How to fuel for an ultra marathon
You’re going to run an ultra marathon and yes you have been training the legs and mind but have you trained your stomach? Bad digestion on race day can really muck up your day to put it mildly. Try pushing yourself to the limits when all you can think of is your overwhelming gut ache and God dam where’s the toilet? Issues such as these can really slow your race down even bring you to your knees (believe me when we say this has happened to us).
Its not just about physical training
Rightly so there is a huge emphasis on physical training, getting the miles in and ensuring you’re strong enough to power up and down those hills but did you remember to train with race fuel One of our greatest lessons in our training sessions has been to eat, eat some more and eat more after that and even then, we need to keep eating. Overloading the guts during training sessions isn’t always a bad thing.
Overload the gut in training
Just as you’re about to head out the door or a 45min interval session, down 500ml of electrolytes or water and see how you feel. The first time you do this we almost guarantee the liquids will see the light of day not too far into the session and you may even end up with the stitch before hand but do this a few times, and your system will get use to this feeling and it will become easier.
Eat solids
We have heard so many times that people can’t run on a full stomach. that having any foods in the gut causes issues, the stitch and the need for the loo but if you don’t train on food, how are you going to get use to it especially if running over 30km where you will most certainly need fuel? We are not saying head out the door on a run with a Mexican burrito and side of nachos in your system but if running in the morning, have that bowl of muesli or toast with nut butter and jam, start slowly and go run.
Time your food
The key to running with food in your system and not experience issues is to train with a gut full of food, to get familiar with the feeling and for your body to adjust – eventually the issues such as hunting down a toilet will become not so frantic. So Saturday…you have a good few hours of running ahead of you and you need to start well fuelled to see you power to the finish line with your dignity intact.
Timings
1 to 2 hours pre run
Eat a meal that combines healthy fats, complex carbohydrates and protein
30 minutes pre run
Consume simple carbohydrates, you need a quick source of fuel here for quick energy and that are easily digested.
During the run
The focus here is quick energy (carbohydrates) and electrolytes. If you do have issues consuming solids (but once again this can be overcome with training) consume carbohydrates in a gel or drink format.
Immediately post run (within 30 minute window)

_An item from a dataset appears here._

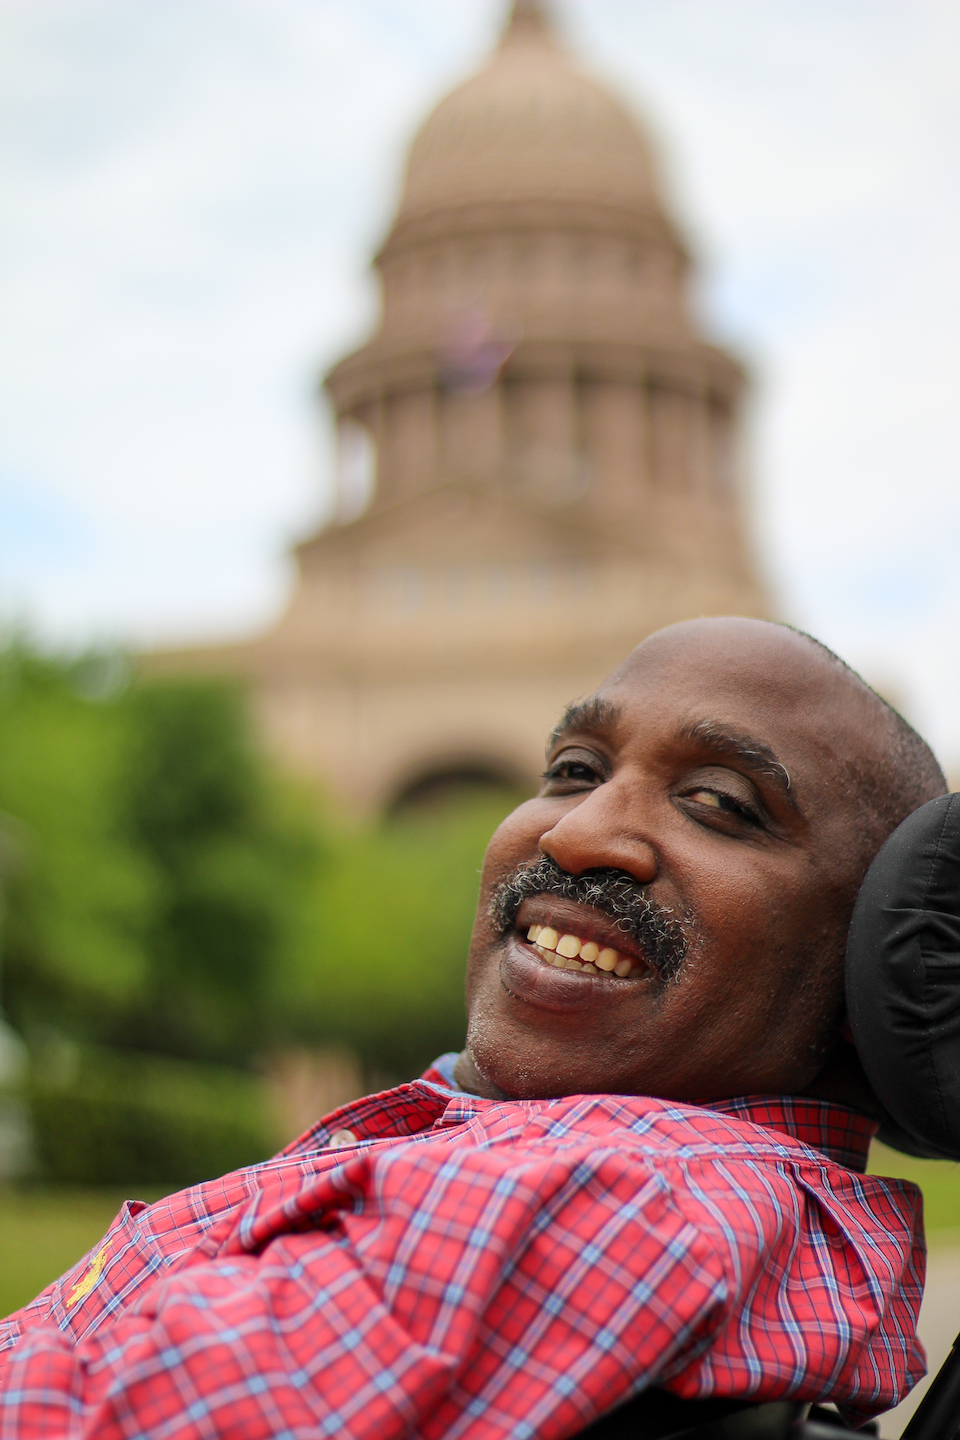 An image of Ricky Broussard, who is smiling and seated in his power wheelchair. He is wearing a red plaid shirt with a collar, and the Texas Capitol dome is in the distant background.

You need to replenish your glycogen stores so we recommend a carbohydrate-based drink with a 4:1 ratio of carbohydrates to protein. Smoothies or juices are good here because sometimes the thought of eating solids can just be too much for the digestion to deal with.
1 to 3 hours post run
Protein, this is when you need to consume adequate amounts to really kick start the recovery process and repair & form strong muscles.
Fuelling plan for 50+km
1 to 2 hours pre run
1 piece sourdough
Sautéed baby spinach
½ avocado
1 roasted tomato
30 minutes pre run
Date & walnut loaf sweetened with coconut sugar
During the run
1L carbohydrate drink
1.5L water
2 At One Banana and Pecan bars
2 mandarins
2 small roast potatoes cooked in lemon & salt
2 gels (if needed)
Salt tablets
Immediately post run
Kale smoothie made with coconut water, cashews, bananas, hemp protein, matcha tea, maple syrup and ginger.
1 to 3 hours post run
Scrambled tofu with kale, mushrooms, pepitas, quinoa and black beans
Be well rehearsed
Have a food & hydration plan that is well rehearsed. Know everything you are going to eat on the day has been tried and tested. No surprises. Don’t try anything new on the day and pack more food than you need – its good to be prepared.